#### Source data:

-----

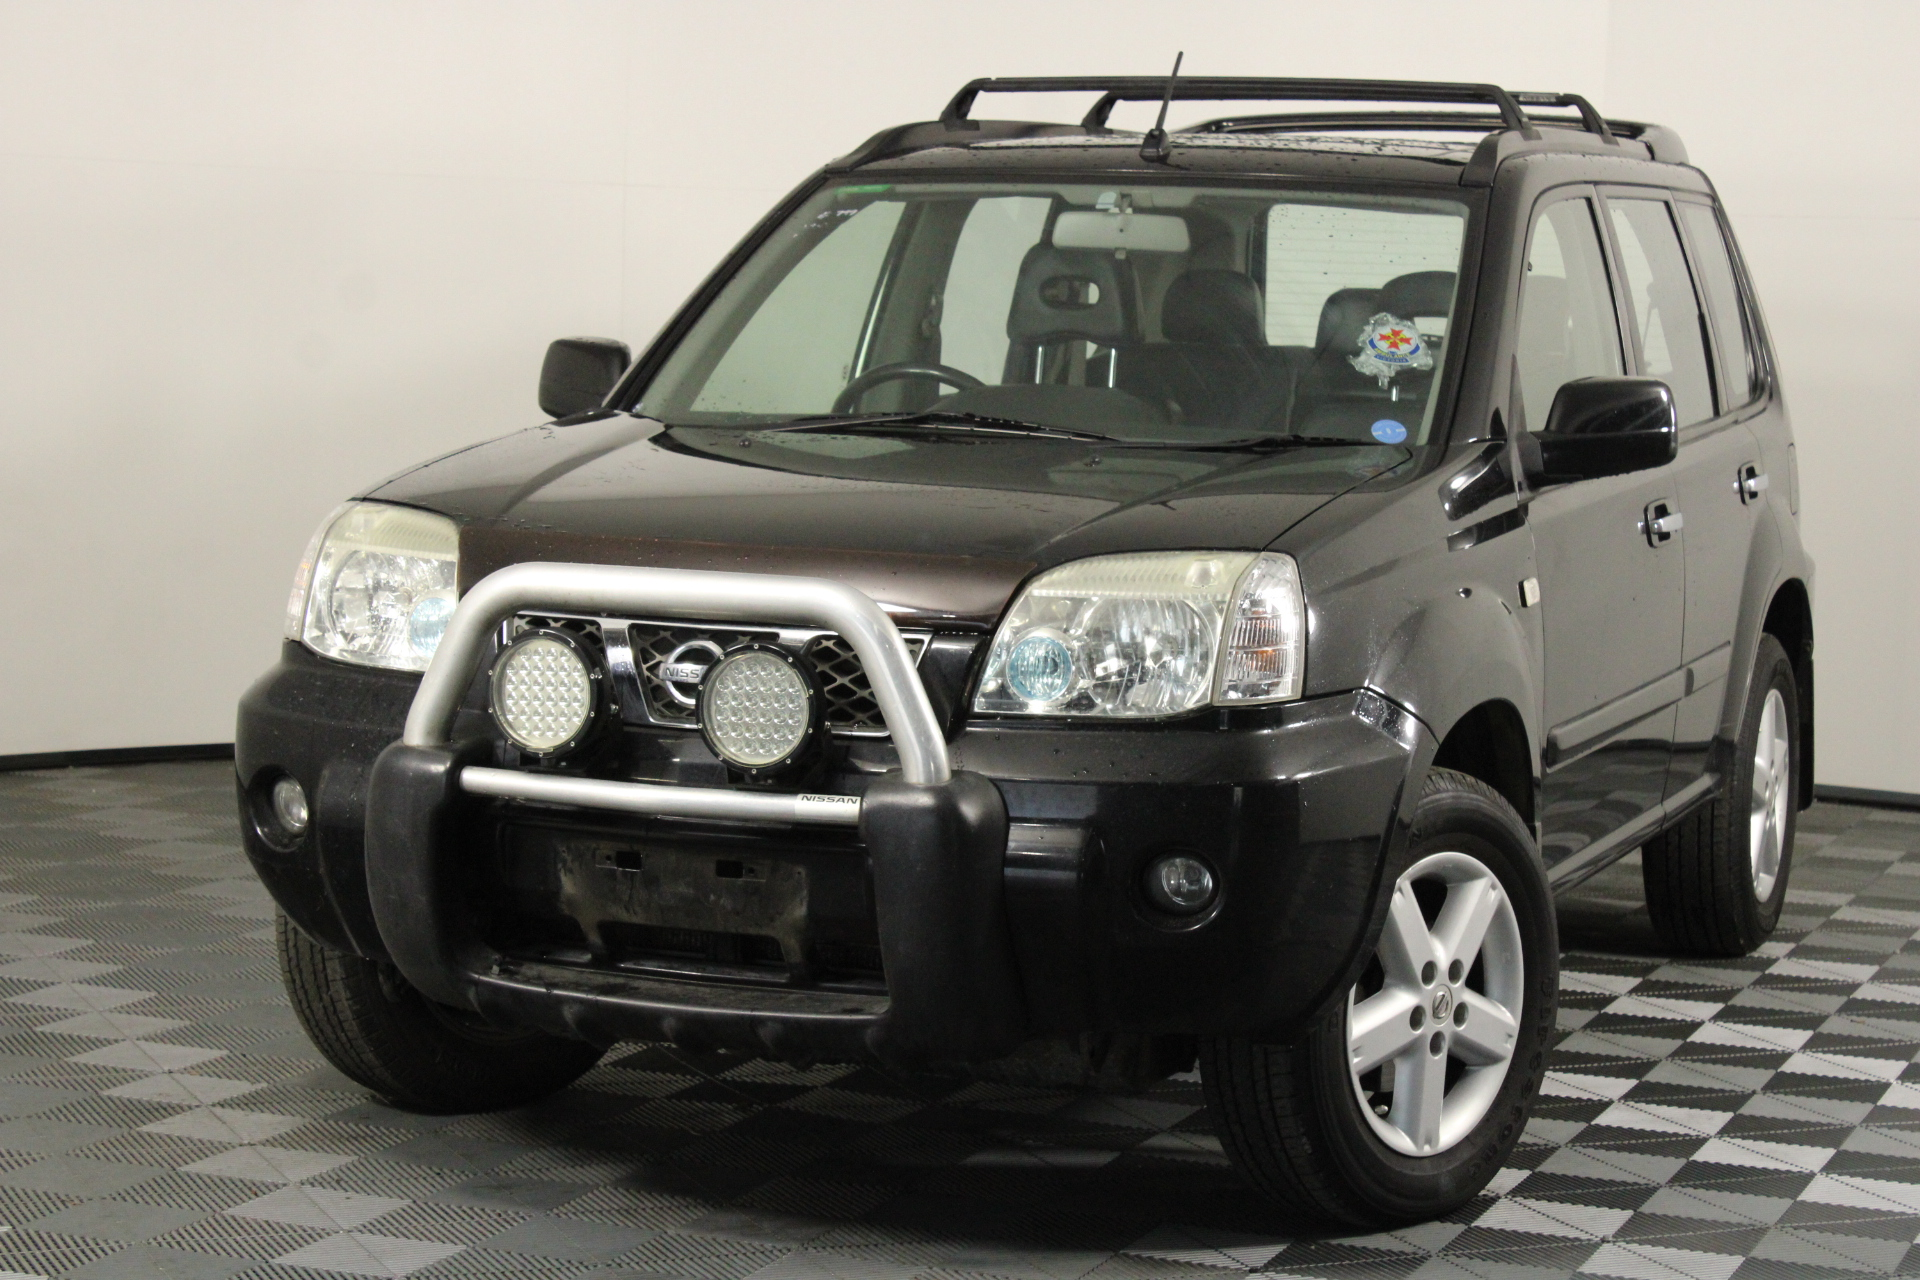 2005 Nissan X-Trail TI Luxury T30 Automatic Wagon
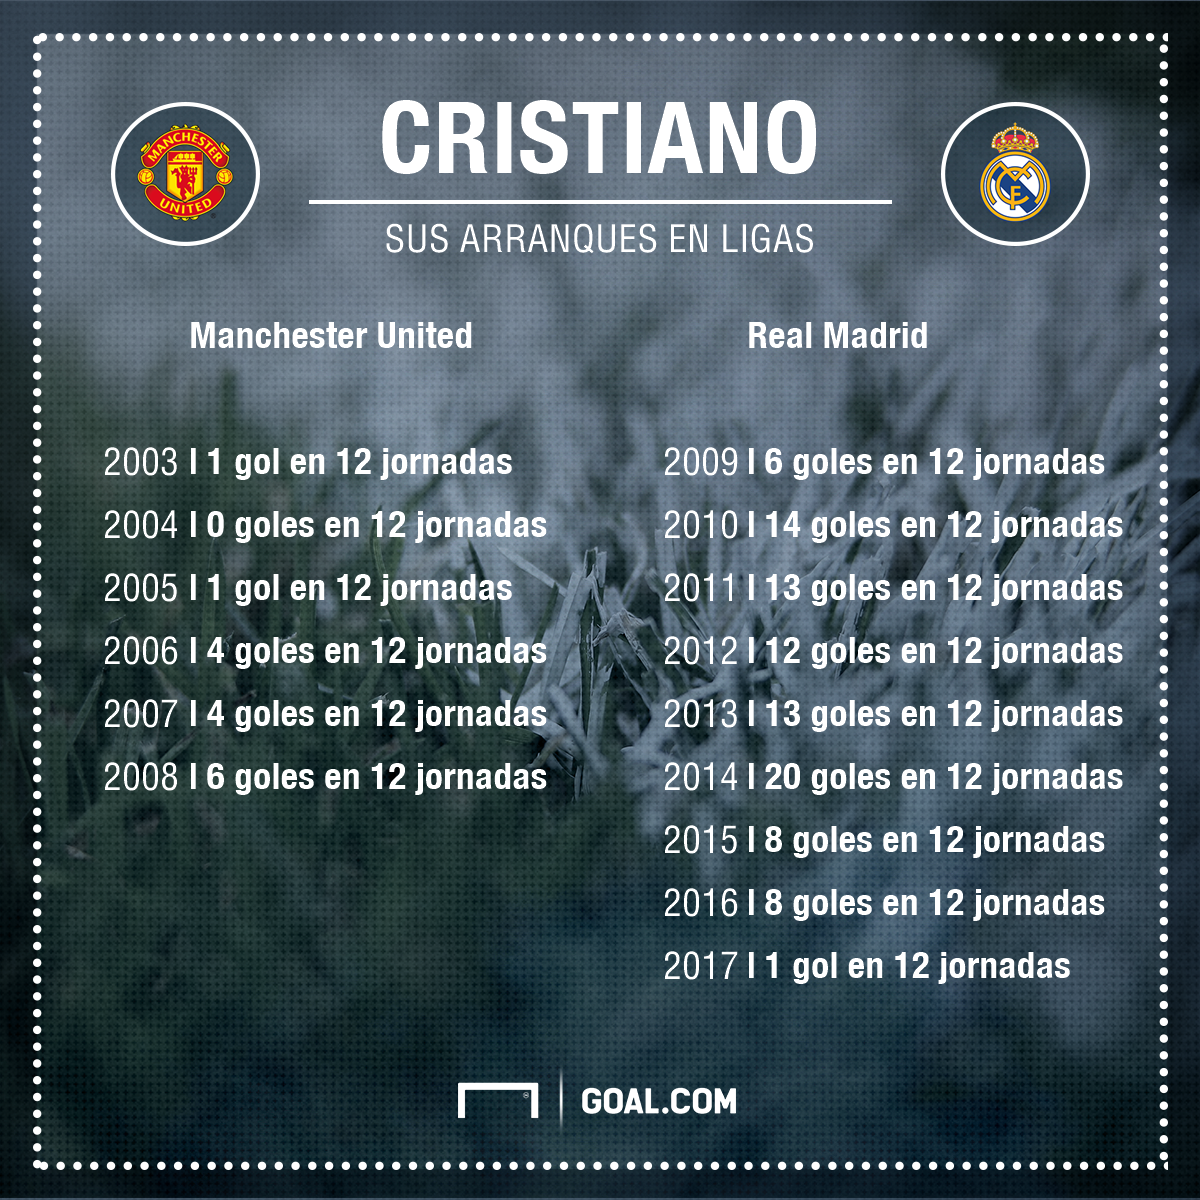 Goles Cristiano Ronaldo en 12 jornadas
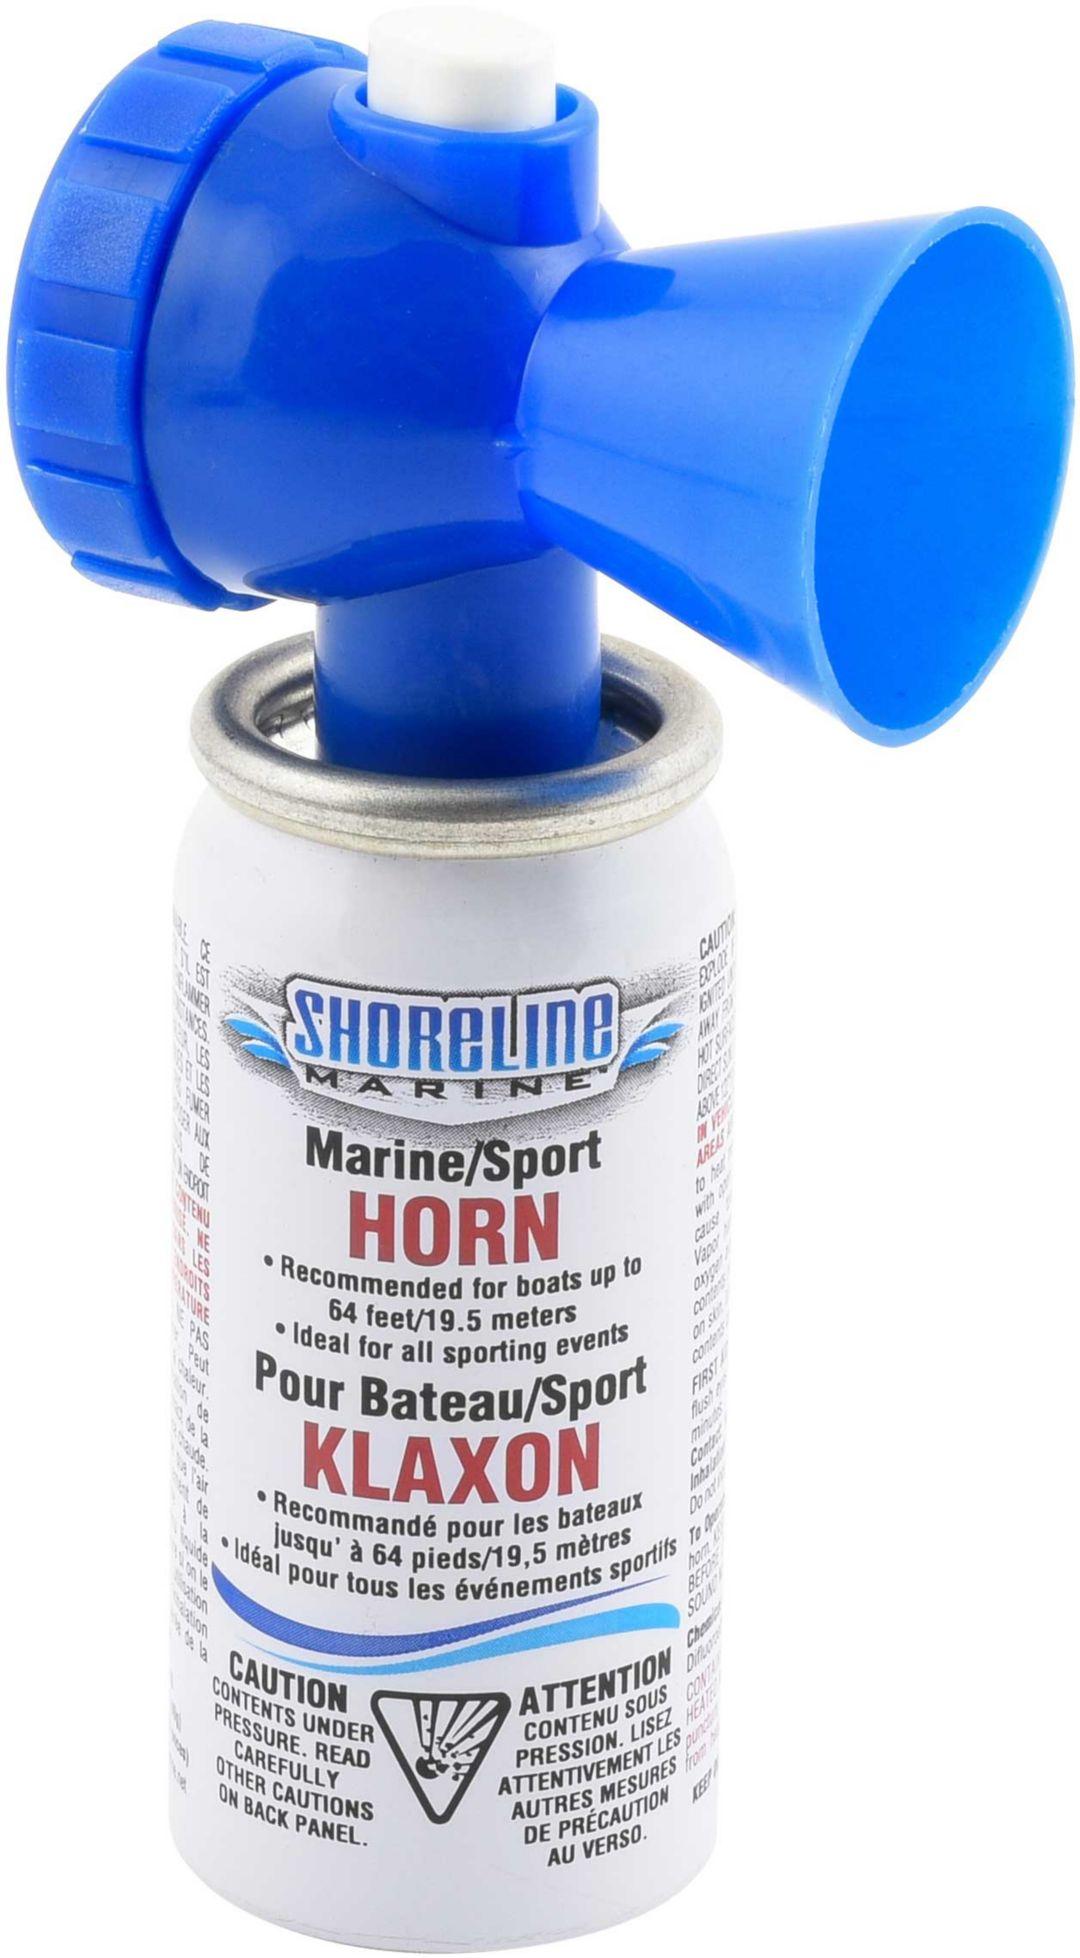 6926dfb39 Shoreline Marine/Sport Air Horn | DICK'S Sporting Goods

-----

#### What you are asked to do:
When you repeat the data, keep every line exact and drop the images.

#### Task output:
 2005 Nissan X-Trail TI Luxury T30 Automatic Wagon
 Goles Cristiano Ronaldo en 12 jornadas
 6926dfb39 Shoreline Marine/Sport Air Horn | DICK'S Sporting Goods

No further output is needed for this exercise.